A PubMed review of the English literature revealed 55 cases of CCS treated with corticosteroids for which the response was clearly described. Of the 57 patients, including our 2 cases, a symptomatic response was reported for 48 (84 %). On the other hand, the remaining 9 patients (16 %) did not respond clinically to corticosteroids. (Table 1) [2, 4, 7–11]. Among the 9 steroid-resistant cases, 7 cases described the clinical course after the treatment with corticosteroids and 2 cases didn’t. Out of these 7 patients, five could achieve clinical remission by immunosuppressive treatments (four patients: calcineurin inhibitor, one patient: infliximab), one received colectomy, and last one died without additional treatment.
An autoimmune mechanism has been more strongly suggested to underlie the pathophysiology of CCS since a recent study showed that IgG4-positive plasma cells infiltrated the lamina propria in the polyps of patients with CCS (positive IgG4 immunostaining [>5 cells/HPF] in 22 (52 %) of 42 polyps from 13 CCS patients) . A basic research reported that activation of Toll-like receptors (TLRs) in basophils of patients with IgG4-related diseases induced a large amount of IgG4 by B cells, this enhancement of IgG4 production was associated with B cell activating factor (BAFF) and IL-13 . In our Case 2, the high serum concentrations of IgG4 and the high number of IgG4-positive plasma cells in gastrointestinal polyps were detected before CyA treatments. Additionally, both the serum concentrations of IgG4 and the number of IgG4-positive plasma cells in gastrointestinal polyps could improve after PSL and CyA treatments. Previous and our data suggest that a part of CCS would be the IgG4-related disease due to IgG4 producing B cells with BAFF and IL-13 production through immune response, particularly innate immune response.

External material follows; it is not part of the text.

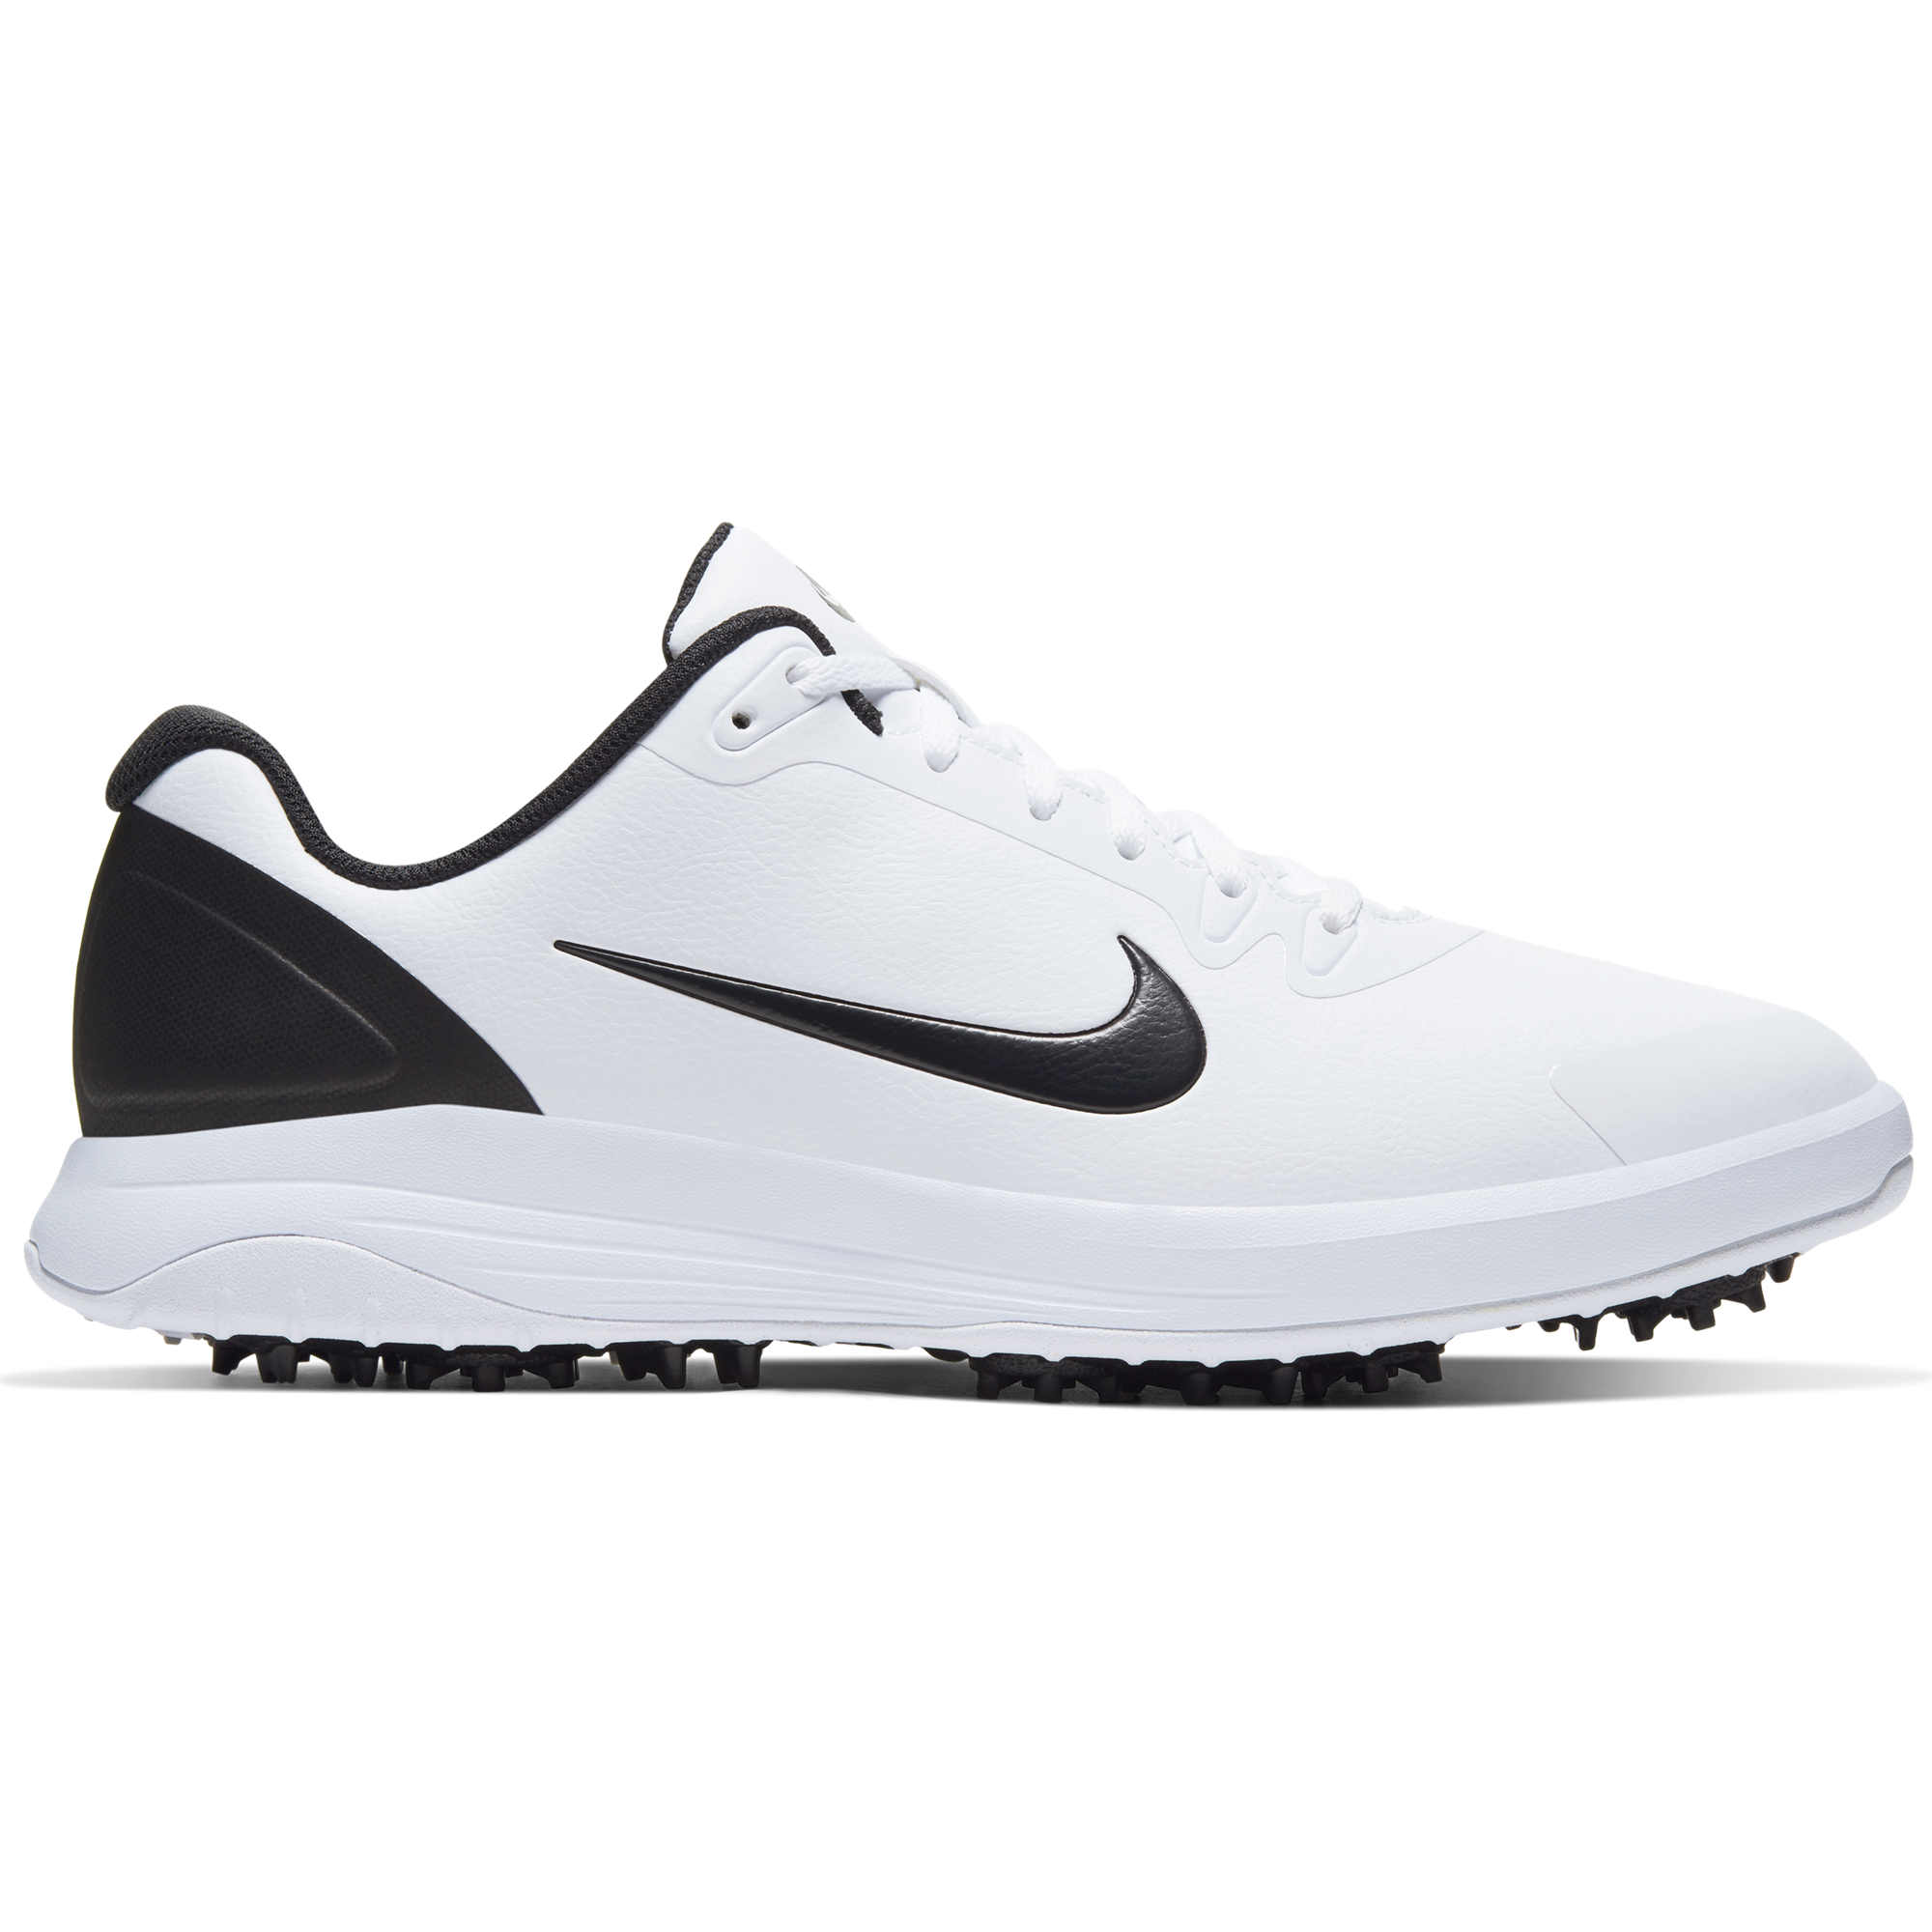 Infinity G Spikeless Golf Shoe - White/Black
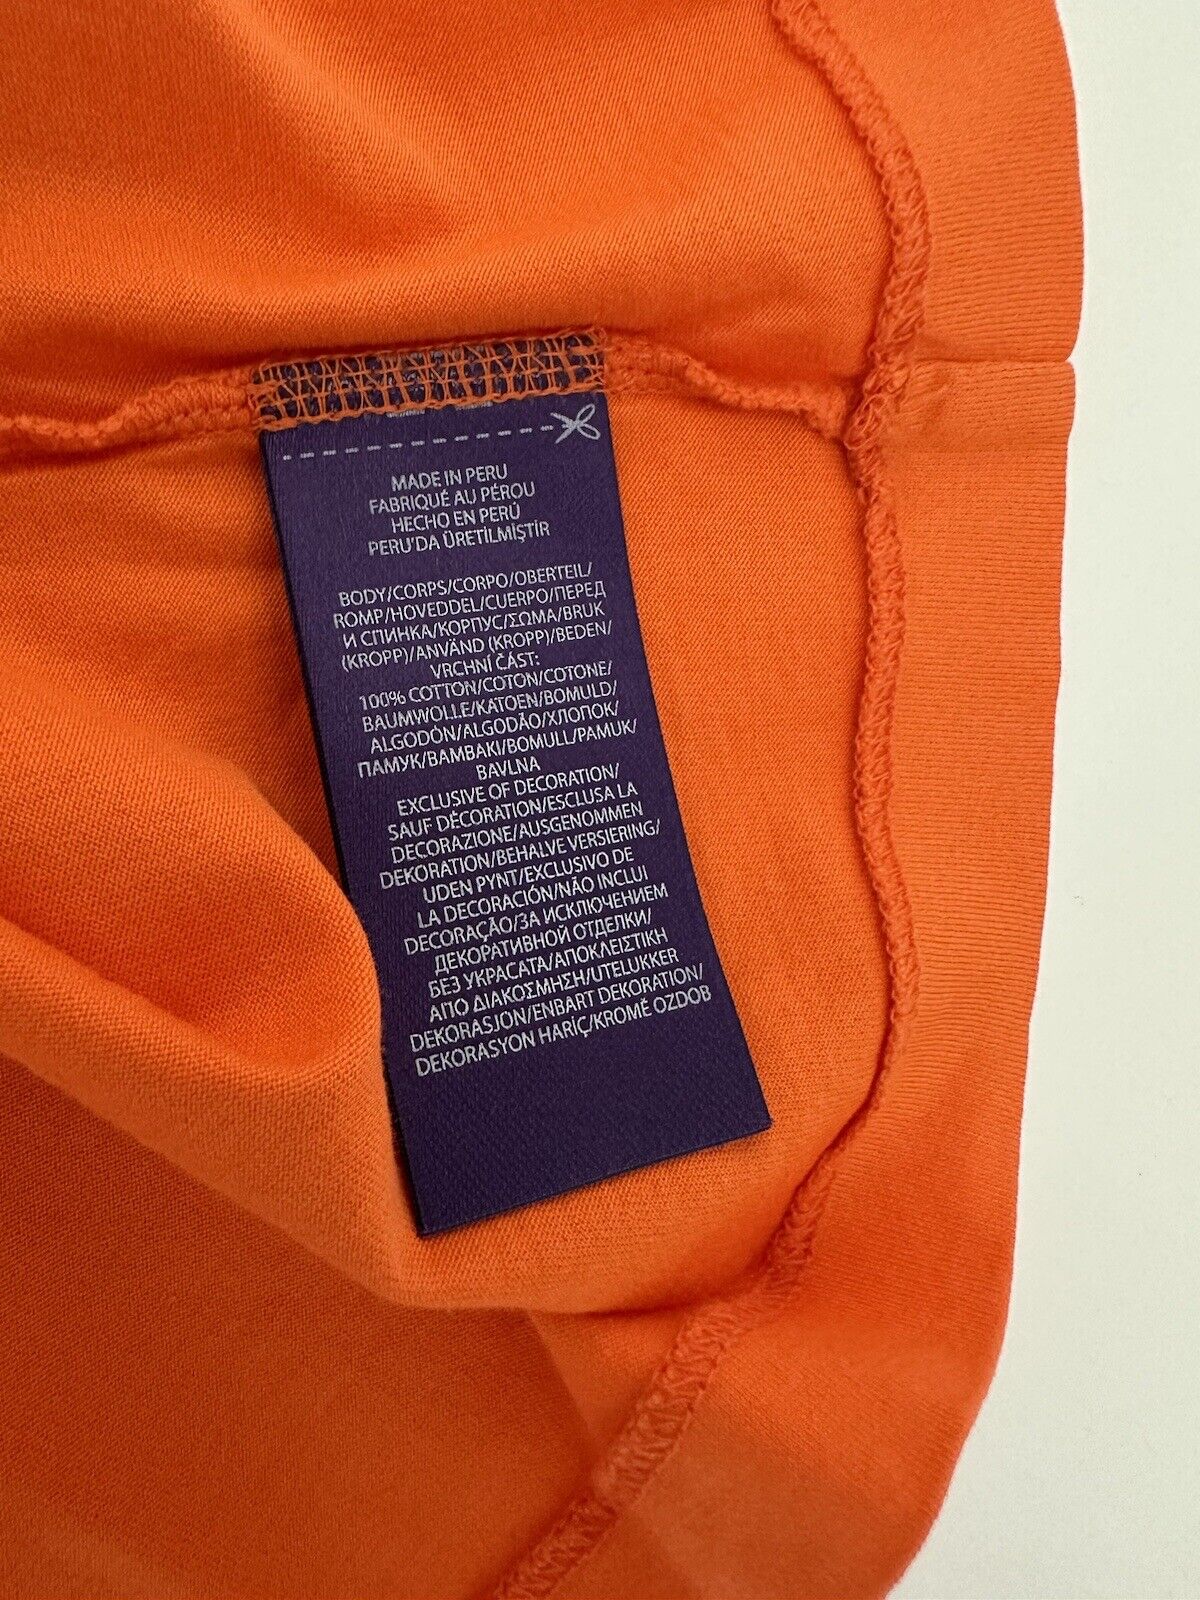 Ralph Lauren Purple Label Orange Cotton Jersey T-Shirt XL NWT $195

Although those findings regarding IgG4 expression weren’t found in our Case 1, concomitant MDS was observed in our Case 1. Previously, Suzuki et al. also reported a CCS case associated with MDS . The incidence rate of MDS in CCS patients was unclear, whereas several retrospective studies and a recent cohort study have demonstrated the high incidence rate (10–28 %) of autoimmune diseases, such as hypothyroidism and rheumatoid arthritis, in patients with MDS [14–17]. Thus, there is the strong association between autoimmune diseases and MDS. Surprisingly, this cohort study reported that MDS patients with autoimmune diseases had significantly better clinical outcome including overall survival rate and leukemia transformation rate compared to those without autoimmune diseases . In our Case 1, MDS concomitant with CCS was classified as low risk based on the International Prognostic Scoring System score, and the prognosis was expected to be good. These data also suggested that CCS might be autoimmune disease. Furthermore, aggressive immunosuppressive treatments in MDS with autoimmune diseases were reported to be effective for not only controlling autoimmune phenomena but also leading to hematological response . Taking these data into account, immunosuppressive treatments, particularly CyA, would be reasonable for CCS concomitant with MDS, like our Case 1.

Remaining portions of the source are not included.